I hate how little information we have. Some stranger drops a bomb into Blake’s lap, and now we’re carrying it around like we have any fucking clue what to do about it. If Blake doesn’t have answers, then we’re chasing shadows, and I can’t stand the thought of her being dragged deeper into this without knowing what we’re up against.

She groans, tilting her head back against the seat. “Not much. Maybe her first name, if her username was legit.”

“That’s it?” I glance at her, eyebrows raised. “Not even a last initial? What she looks like? Shoe size?”

She cracks an eye at me. “Do you always ask women about their shoe size?”

“Only the ones who get handed cursed flash drives and then make me their accomplice.”

That earns me the faintest twitch of her mouth. Not a full smile, but I’ll take it. Hell, I’d frame it if I could. It’s the closest I’ve gotten to pulling her out of whatever storm’s going on in her head.

I drum my fingers on the wheel. “So you’ve never even seen her face?”

“Nope.” She sips her coffee, grimacing like it physically hurts. “Couldn’t pick her out of a lineup if my life depended on it. Theforum’s all text-based. Everyone hides behind cartoon avatars or just their initials. Rhea could most definitely not even be her real name.”

“Brilliant. That’s reassuring. Mystery woman hands you literally murder evidence, and we’re just… winging it.”

“Pretty sure I didn’t ask you to dive headfirst into this with me.”

I smirk. “No, but you didn’t exactly stop me, did you?”

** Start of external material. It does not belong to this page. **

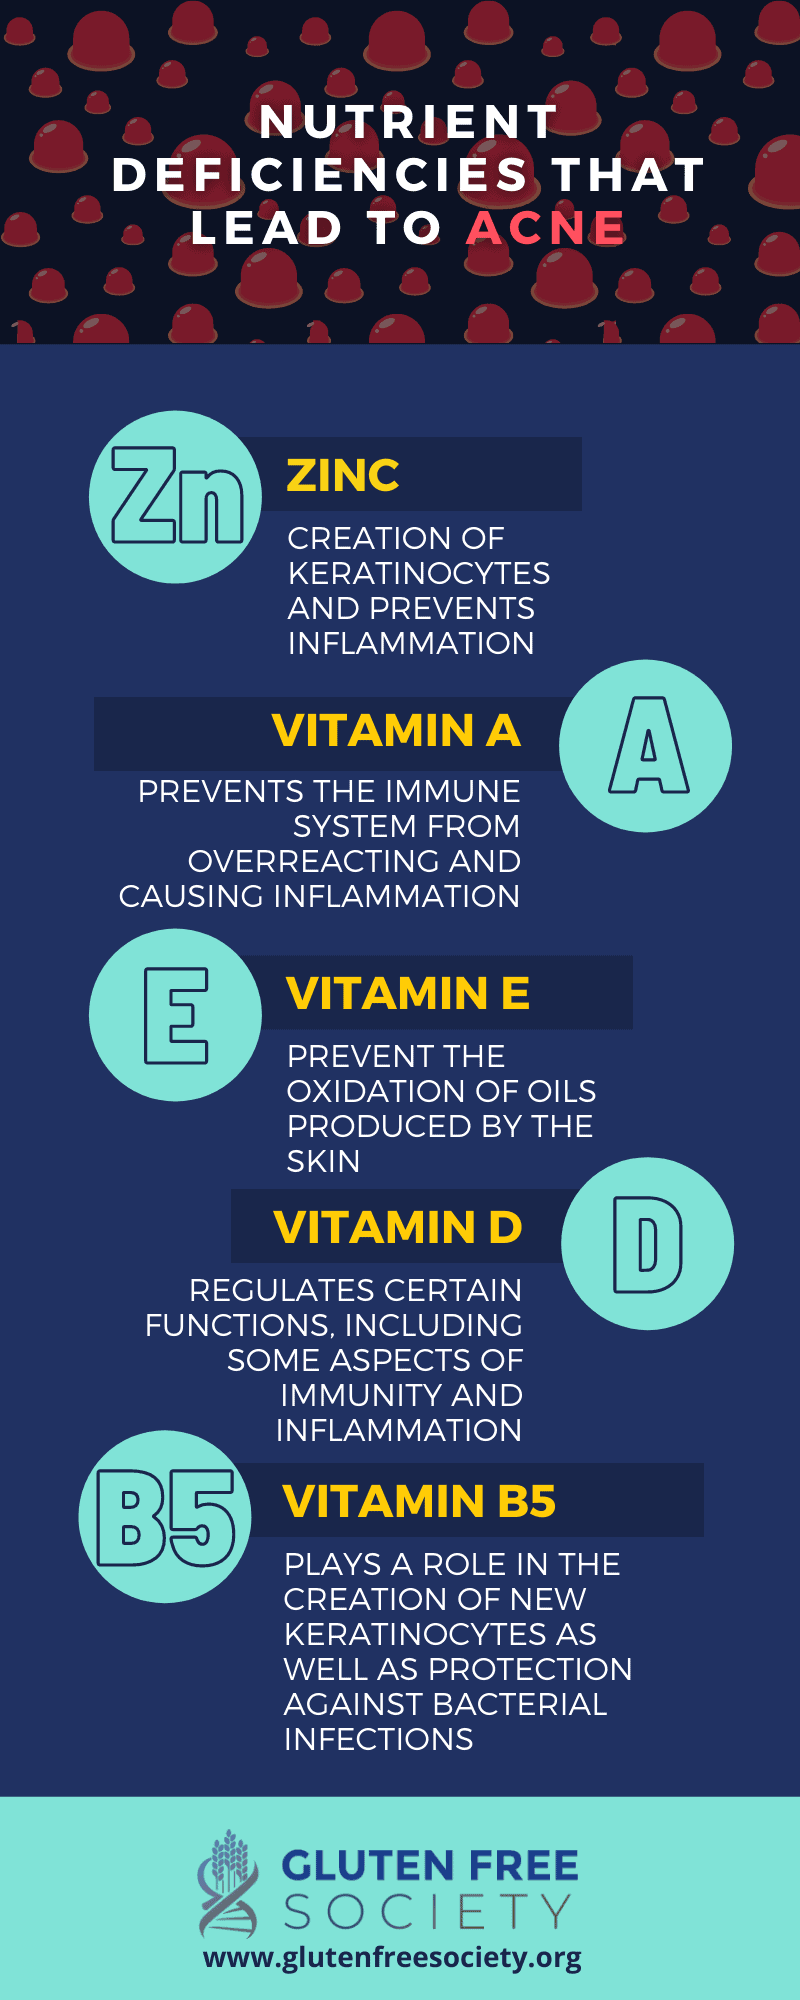 gluten acne and nutritional deficiencies

She rolls her eyes, muttering something under her breath that I don’t catch. My chest feels lighter than it should, considering how tired I am and every other fucking thing. Maybe it’s the way her voice softens when she’s too exhausted to keep her guard up. Maybe it’s the fact that even running on fumes and being a bit traumatized, she still matches me quip for quip.

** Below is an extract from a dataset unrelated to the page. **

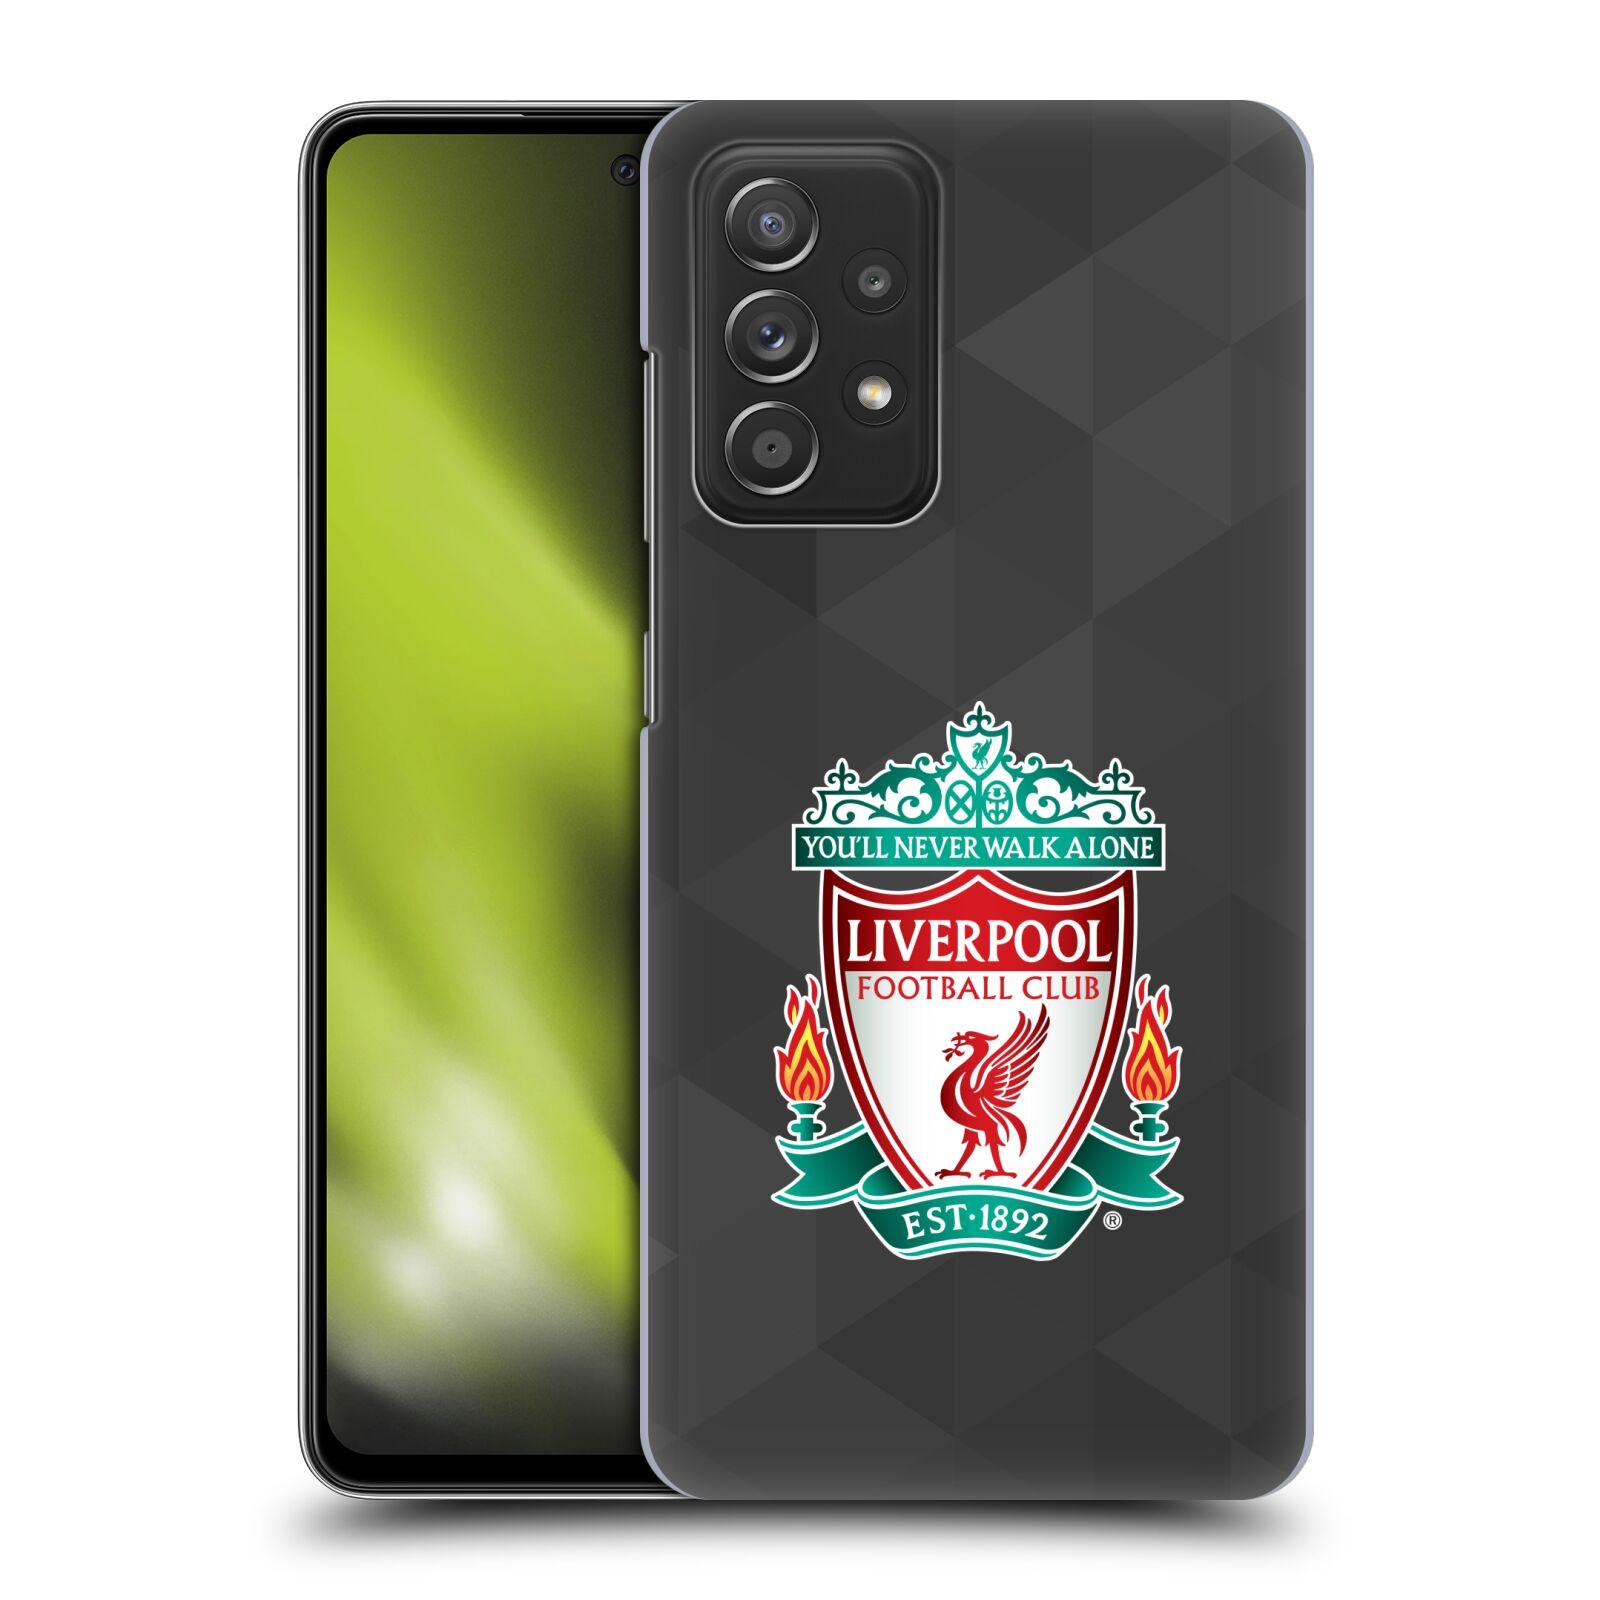 Plastové pouzdro na mobil Samsung Galaxy A52 / A52 5G / A52s 5G - Head Case - ZNAK LIVERPOOL FC OFFICIAL GEOMETRIC BLACK

“You know,” I say, shifting gears, “you could at least admit you’re glad I’m here. Moral support. Heavy lifting. Comic relief. Very valuable skill set.”

She snorts into her coffee. “You forgot your massive ego.”

“Right. How could I leave that off the resume?”

Her laugh is quick, small. Fucking adorable.

The parking lot’s empty, nothing but a few crushed cans glittering along the path to the field and a fast-food bag stuck to the fence by the wind.

Blake slams her door harder than necessary, muttering something under her breath about us being the only ones to show up as she yanks her sweatshirt over her head.

“This is cruel and unusual punishment,” she says, staring up at the bleachers.